Navigating India - The Journey of Ola Maps
Mapping is a core pillar for mobility. They're not just about getting from point A to point B; they're about understanding the intricate web of streets, traffic patterns, and urban landscapes that define our cities. Humankind has always relied heavily on advancements in mapping technology, to progress in life.
In 2021, as the world started to move again in a post Covid era, we had plans to build first-to-world features on our customer and partner apps in Ola Mobility that would transform the user experience, but we quickly hit a roadblock. Our reliance on western mapping providers, for whom India wasn't a priority, severely limited our ability to implement these features. We realized that to truly serve our users and push the boundaries of mobility, we needed a true alternative to global mapping giants—one that was not only better suited for the Indian market but also more responsive to our unique needs. This realization sparked the inception of Ola Maps.
But why build our own maps when there are existing solutions?
The answer lies in our vision for the future of commerce and mobility. We're not just building maps for today: we're creating the cartographic infrastructure for tomorrow's mobility innovations. From autonomous vehicles to flying taxis to drones, the future of mobility demands maps that are more detailed, more dynamic, and more intelligent than ever before. We embarked on this ambitious journey three years ago, recognizing that to truly revolutionize mobility, we needed to own and innovate on every aspect of the maps experience that power our platform.
This post kicks off our 4-part series on Ola Maps. Here is what’s coming:
Part 1: The Foundation of Ola Maps (You are here)
Part 2: The Data Behind the Maps
Part 3: The AI Revolution in Mapping
Part 4: The Future of Maps
In the following sections of this blog, we'll dive deeper into the technology behind Ola Maps, the challenges we've overcome, and how this initiative is set to transform not just Ola, but the entire cartographic landscape. Stay tuned as we map out the future.
Section 1: Challenges & Opportunities while Building Maps for India
Existing mapping providers do not fully address unique challenges related to delivering a seamless experience for Indian users and this creates special opportunities for Ola and Indian developers.
Challenges
- Incomplete Mapping Coverage: Many streets and rural areas are not mapped or poorly mapped.
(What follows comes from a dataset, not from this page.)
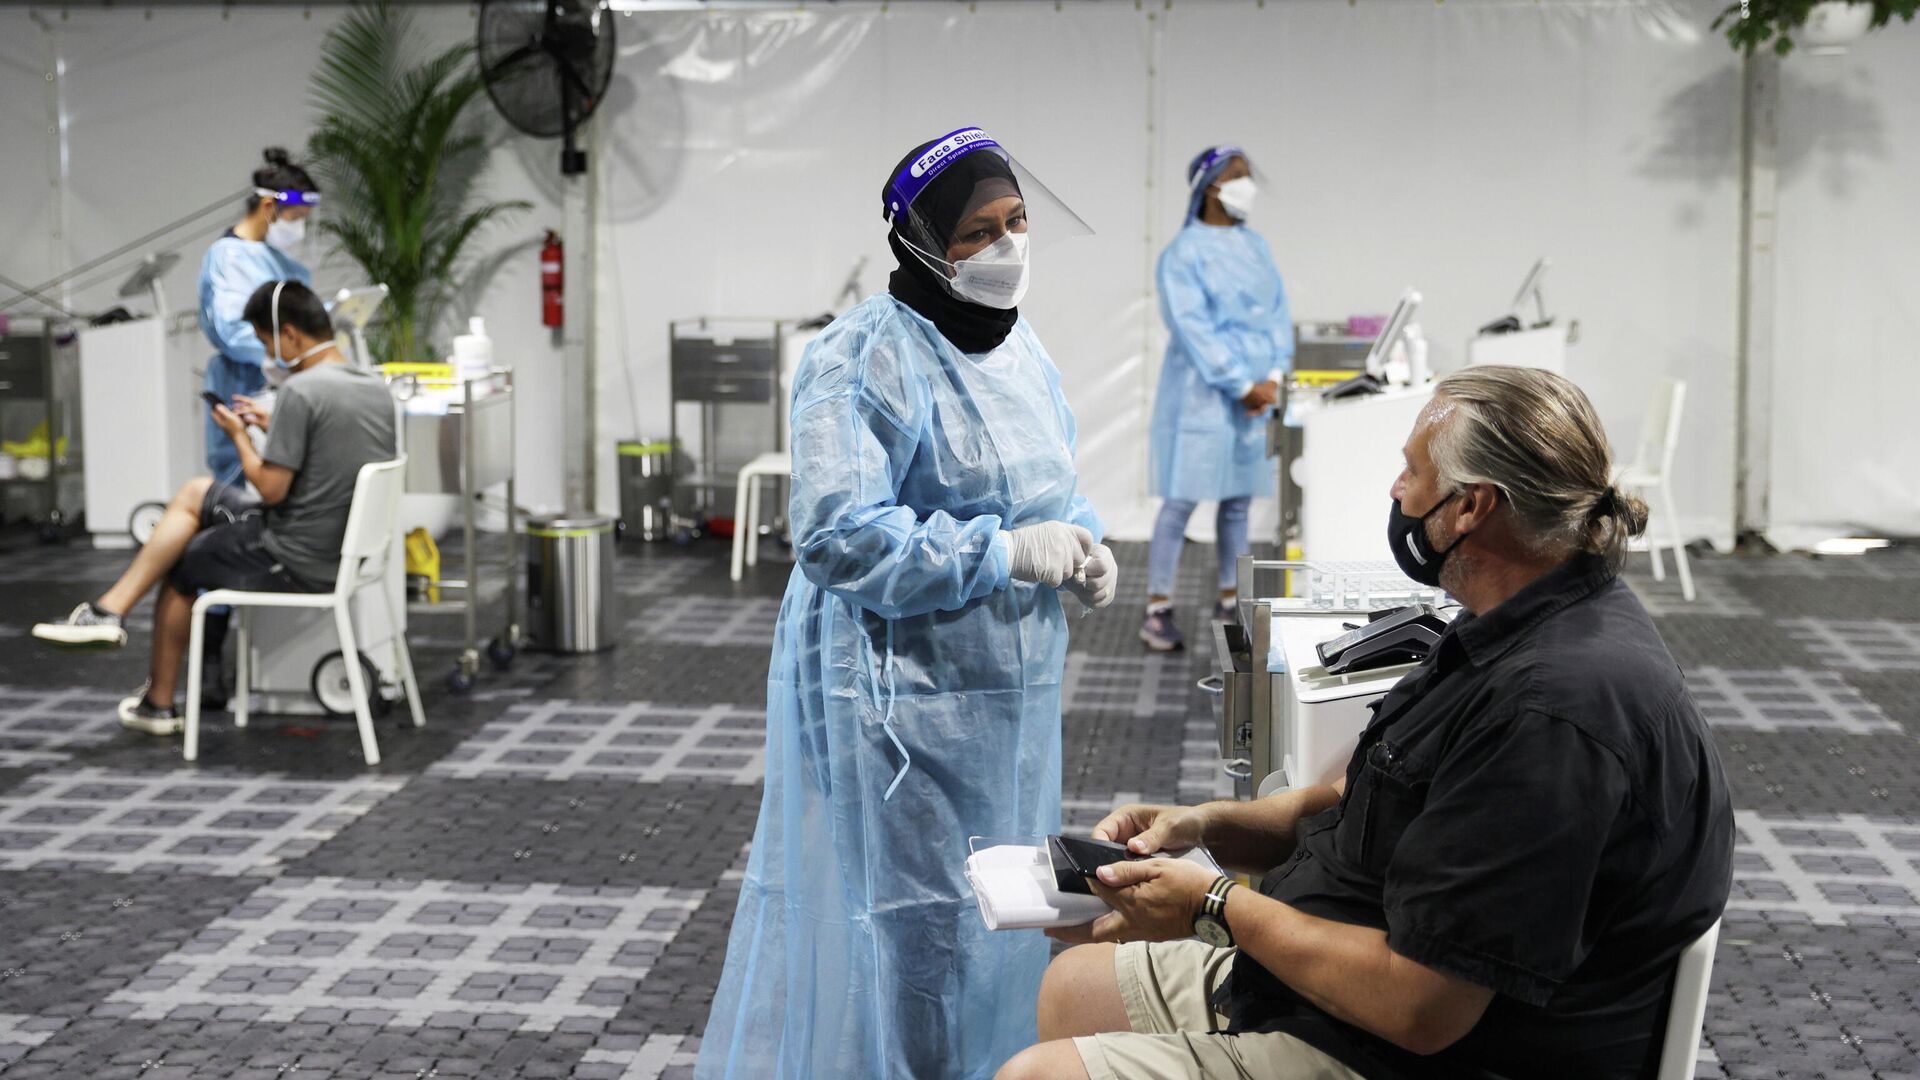 Путешественники проходят тесты на коронавирус (COVID-19) в аэропорту Сиднея - РИА Новости, 1920, 29.11.2021
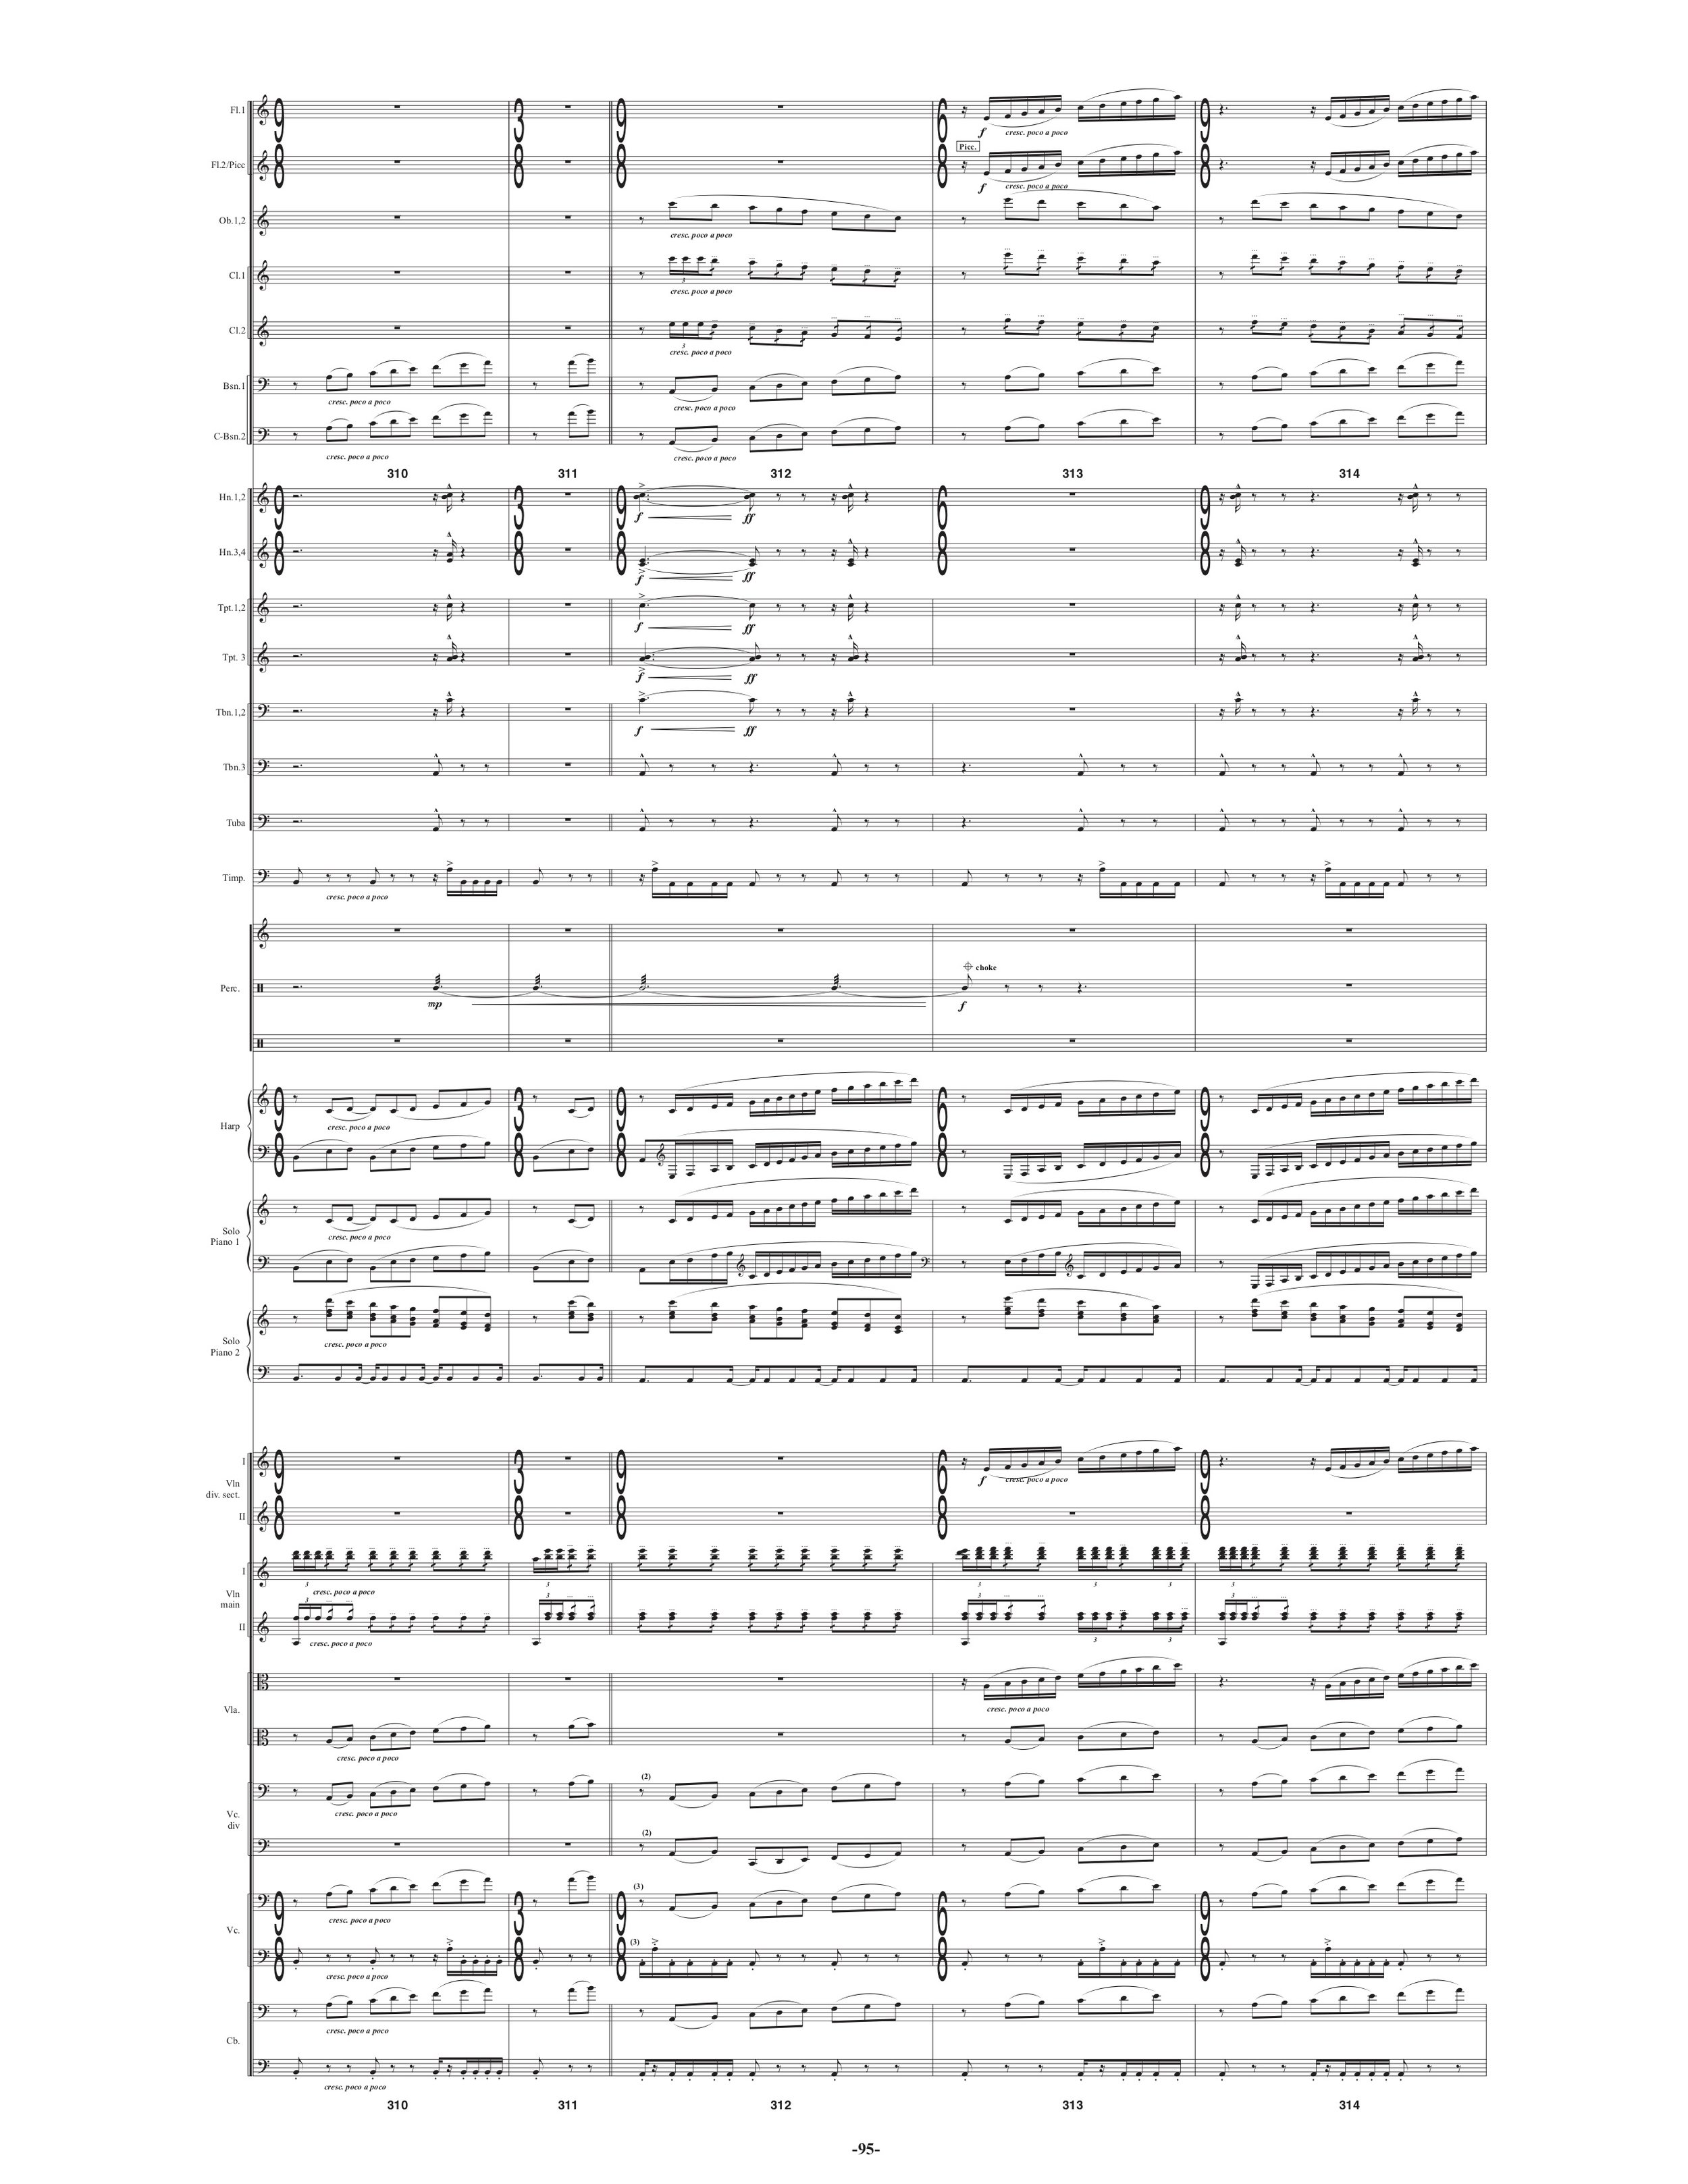 Symphony_Orch & 2 Pianos p100.jpg

- Inconsistent and Varying Street Names: Street names often have variations and inconsistencies, leading to confusion.
- Frequent Changes in Road Networks: New streets are created, and existing ones are closed frequently, leading to outdated maps.
- Traffic and Road Condition Variability: Traffic patterns are highly inconsistent, and road conditions vary significantly due to potholes and non-standard streets.
- Non-Standardized Streets: Many streets do not conform to standard measurements and layouts.
- Potholes and Road Quality Issues: Potholes and road quality can significantly affect travel time and safety.
Opportunities
- Enhanced User Experience: Providing accurate and up-to-date maps can significantly enhance navigation and travel planning, improving user satisfaction.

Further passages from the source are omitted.